[Stored records]
===
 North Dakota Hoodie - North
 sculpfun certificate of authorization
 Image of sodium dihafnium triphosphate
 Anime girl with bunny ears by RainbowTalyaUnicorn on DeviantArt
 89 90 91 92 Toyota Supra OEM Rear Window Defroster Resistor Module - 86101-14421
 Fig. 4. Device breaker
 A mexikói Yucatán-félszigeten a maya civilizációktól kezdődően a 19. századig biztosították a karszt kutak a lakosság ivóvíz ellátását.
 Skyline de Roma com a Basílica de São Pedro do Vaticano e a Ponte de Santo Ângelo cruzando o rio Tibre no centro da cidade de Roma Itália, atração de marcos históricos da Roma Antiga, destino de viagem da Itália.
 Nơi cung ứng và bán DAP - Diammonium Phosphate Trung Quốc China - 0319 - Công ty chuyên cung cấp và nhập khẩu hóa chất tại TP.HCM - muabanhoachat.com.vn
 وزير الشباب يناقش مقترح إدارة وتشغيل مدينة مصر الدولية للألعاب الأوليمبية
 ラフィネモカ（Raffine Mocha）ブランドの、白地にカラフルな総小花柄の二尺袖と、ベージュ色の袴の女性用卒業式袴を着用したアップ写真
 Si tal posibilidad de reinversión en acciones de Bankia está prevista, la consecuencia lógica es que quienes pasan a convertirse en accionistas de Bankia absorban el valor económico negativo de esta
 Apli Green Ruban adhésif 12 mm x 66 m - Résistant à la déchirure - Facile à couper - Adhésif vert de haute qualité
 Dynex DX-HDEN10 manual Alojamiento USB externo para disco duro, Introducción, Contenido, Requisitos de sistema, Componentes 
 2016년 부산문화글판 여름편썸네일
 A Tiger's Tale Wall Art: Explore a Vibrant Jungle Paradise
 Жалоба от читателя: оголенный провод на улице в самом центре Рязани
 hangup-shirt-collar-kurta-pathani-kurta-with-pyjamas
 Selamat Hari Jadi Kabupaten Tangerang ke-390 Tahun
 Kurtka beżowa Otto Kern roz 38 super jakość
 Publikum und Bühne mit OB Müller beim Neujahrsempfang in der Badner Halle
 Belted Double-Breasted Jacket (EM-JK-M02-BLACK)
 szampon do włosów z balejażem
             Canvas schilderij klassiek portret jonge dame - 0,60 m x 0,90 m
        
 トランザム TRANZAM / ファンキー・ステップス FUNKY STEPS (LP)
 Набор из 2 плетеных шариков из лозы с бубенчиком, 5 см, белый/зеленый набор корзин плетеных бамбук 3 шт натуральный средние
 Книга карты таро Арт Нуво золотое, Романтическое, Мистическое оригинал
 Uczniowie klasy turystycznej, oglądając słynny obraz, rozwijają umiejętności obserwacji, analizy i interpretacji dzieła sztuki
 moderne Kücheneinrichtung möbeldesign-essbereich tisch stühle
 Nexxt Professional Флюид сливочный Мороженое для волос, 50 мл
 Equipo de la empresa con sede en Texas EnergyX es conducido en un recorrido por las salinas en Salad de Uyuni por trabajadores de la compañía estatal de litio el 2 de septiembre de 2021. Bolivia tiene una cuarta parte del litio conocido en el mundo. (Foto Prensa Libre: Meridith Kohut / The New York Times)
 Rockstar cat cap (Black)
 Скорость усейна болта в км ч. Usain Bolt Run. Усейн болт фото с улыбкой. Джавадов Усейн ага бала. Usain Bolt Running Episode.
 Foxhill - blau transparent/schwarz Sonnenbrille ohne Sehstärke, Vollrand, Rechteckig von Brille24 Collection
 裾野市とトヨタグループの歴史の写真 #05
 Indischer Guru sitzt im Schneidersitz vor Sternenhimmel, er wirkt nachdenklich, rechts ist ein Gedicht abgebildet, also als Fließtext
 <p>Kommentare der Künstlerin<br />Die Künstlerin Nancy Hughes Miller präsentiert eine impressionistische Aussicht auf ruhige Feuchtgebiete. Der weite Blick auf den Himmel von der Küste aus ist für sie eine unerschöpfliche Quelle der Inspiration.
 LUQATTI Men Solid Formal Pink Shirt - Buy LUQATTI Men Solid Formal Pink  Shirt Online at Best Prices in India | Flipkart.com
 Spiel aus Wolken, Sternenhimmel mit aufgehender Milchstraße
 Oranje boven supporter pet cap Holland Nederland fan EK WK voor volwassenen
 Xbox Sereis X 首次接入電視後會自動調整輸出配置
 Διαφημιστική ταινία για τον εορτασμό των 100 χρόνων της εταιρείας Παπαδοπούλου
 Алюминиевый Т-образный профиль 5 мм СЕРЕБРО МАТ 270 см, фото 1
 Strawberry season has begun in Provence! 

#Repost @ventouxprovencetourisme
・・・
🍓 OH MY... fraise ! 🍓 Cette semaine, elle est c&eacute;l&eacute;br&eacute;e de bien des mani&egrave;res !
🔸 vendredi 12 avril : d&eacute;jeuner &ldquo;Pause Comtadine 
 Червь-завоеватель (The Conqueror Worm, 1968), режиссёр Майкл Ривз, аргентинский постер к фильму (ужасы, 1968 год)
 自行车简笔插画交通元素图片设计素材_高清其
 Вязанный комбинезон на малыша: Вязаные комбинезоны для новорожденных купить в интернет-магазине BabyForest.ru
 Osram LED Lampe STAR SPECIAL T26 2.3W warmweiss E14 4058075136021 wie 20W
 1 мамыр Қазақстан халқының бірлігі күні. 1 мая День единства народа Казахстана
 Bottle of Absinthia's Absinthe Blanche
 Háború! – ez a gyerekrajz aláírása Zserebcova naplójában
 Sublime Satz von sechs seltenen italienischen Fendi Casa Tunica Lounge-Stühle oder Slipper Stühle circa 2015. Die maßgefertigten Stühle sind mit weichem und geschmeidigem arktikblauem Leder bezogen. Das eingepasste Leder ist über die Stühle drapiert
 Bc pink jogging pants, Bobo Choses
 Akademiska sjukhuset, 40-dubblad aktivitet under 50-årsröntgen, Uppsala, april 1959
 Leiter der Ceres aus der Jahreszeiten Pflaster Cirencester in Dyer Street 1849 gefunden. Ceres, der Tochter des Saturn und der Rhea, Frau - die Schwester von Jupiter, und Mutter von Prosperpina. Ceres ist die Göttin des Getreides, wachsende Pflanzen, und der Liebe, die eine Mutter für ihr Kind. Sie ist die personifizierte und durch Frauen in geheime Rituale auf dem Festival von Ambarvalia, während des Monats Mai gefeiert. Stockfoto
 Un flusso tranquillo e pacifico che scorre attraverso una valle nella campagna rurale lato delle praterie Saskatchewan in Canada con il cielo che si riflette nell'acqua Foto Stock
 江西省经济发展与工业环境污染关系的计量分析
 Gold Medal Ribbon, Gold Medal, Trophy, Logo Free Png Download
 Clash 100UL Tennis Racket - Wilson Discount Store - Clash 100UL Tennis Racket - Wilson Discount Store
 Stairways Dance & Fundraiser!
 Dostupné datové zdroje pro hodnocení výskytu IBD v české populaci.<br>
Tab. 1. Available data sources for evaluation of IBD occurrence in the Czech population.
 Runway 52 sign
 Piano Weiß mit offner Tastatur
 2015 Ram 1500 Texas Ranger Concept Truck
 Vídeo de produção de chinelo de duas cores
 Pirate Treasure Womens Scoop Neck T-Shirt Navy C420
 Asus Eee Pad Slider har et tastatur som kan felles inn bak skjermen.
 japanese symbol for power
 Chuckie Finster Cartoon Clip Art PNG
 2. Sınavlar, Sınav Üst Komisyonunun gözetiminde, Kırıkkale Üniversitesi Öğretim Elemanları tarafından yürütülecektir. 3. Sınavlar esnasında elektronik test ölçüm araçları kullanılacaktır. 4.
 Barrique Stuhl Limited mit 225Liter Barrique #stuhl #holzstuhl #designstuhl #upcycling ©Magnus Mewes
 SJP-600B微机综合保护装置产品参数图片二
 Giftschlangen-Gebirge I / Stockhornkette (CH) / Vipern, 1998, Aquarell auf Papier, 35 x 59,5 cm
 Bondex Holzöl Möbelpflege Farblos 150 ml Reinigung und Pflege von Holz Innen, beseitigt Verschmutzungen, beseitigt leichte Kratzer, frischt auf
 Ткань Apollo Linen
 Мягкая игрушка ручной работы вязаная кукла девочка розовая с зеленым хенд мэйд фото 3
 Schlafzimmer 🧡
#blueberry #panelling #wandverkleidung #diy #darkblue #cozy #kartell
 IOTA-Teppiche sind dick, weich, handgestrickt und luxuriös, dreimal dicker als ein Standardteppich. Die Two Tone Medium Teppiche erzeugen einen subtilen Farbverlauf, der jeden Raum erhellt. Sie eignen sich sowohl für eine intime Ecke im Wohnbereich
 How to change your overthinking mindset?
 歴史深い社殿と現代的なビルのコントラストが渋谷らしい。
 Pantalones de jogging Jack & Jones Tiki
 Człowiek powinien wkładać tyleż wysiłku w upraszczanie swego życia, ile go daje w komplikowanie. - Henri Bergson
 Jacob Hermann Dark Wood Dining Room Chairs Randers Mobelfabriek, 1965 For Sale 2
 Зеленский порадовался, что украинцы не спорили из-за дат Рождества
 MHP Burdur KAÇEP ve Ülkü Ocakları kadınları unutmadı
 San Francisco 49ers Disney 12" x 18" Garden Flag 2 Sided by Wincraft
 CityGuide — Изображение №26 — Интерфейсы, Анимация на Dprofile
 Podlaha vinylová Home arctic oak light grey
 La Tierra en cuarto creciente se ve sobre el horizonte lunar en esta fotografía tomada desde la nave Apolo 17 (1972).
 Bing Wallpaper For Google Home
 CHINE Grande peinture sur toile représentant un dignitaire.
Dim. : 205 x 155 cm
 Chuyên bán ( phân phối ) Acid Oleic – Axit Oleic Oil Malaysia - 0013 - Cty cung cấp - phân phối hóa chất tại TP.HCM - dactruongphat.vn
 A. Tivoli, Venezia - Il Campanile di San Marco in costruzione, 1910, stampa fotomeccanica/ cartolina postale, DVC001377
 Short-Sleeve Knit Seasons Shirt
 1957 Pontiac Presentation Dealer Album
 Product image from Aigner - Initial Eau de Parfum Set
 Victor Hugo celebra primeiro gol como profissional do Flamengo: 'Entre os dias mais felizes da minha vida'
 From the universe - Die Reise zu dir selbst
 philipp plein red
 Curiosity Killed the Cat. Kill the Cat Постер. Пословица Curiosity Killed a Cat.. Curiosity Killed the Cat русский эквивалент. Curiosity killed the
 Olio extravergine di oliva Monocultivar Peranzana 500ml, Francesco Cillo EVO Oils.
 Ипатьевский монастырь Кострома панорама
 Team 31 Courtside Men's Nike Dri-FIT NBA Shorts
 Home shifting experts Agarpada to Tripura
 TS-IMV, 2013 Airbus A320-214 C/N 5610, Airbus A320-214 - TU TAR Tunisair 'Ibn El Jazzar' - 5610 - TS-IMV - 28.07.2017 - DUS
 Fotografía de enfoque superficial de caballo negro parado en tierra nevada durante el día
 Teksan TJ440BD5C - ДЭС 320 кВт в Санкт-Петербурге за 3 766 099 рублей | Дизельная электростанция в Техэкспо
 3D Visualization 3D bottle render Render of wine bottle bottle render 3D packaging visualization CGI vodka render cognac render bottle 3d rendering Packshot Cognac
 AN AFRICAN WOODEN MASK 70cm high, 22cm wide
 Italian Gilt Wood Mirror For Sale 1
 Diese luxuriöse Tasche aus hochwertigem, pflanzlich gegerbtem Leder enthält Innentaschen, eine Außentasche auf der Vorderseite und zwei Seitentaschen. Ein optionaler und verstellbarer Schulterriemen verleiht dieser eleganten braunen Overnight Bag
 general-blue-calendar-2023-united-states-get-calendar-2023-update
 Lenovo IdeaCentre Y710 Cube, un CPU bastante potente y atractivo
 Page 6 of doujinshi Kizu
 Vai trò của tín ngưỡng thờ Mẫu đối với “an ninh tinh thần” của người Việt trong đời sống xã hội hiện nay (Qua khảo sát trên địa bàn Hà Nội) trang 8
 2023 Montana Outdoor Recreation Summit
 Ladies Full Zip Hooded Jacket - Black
===
What is needed is each line from the records with the word "фото" in it.

→ **RESPONSE**
 Скорость усейна болта в км ч. Usain Bolt Run. Усейн болт фото с улыбкой. Джавадов Усейн ага бала. Usain Bolt Running Episode.
 Алюминиевый Т-образный профиль 5 мм СЕРЕБРО МАТ 270 см, фото 1
 Мягкая игрушка ручной работы вязаная кукла девочка розовая с зеленым хенд мэйд фото 3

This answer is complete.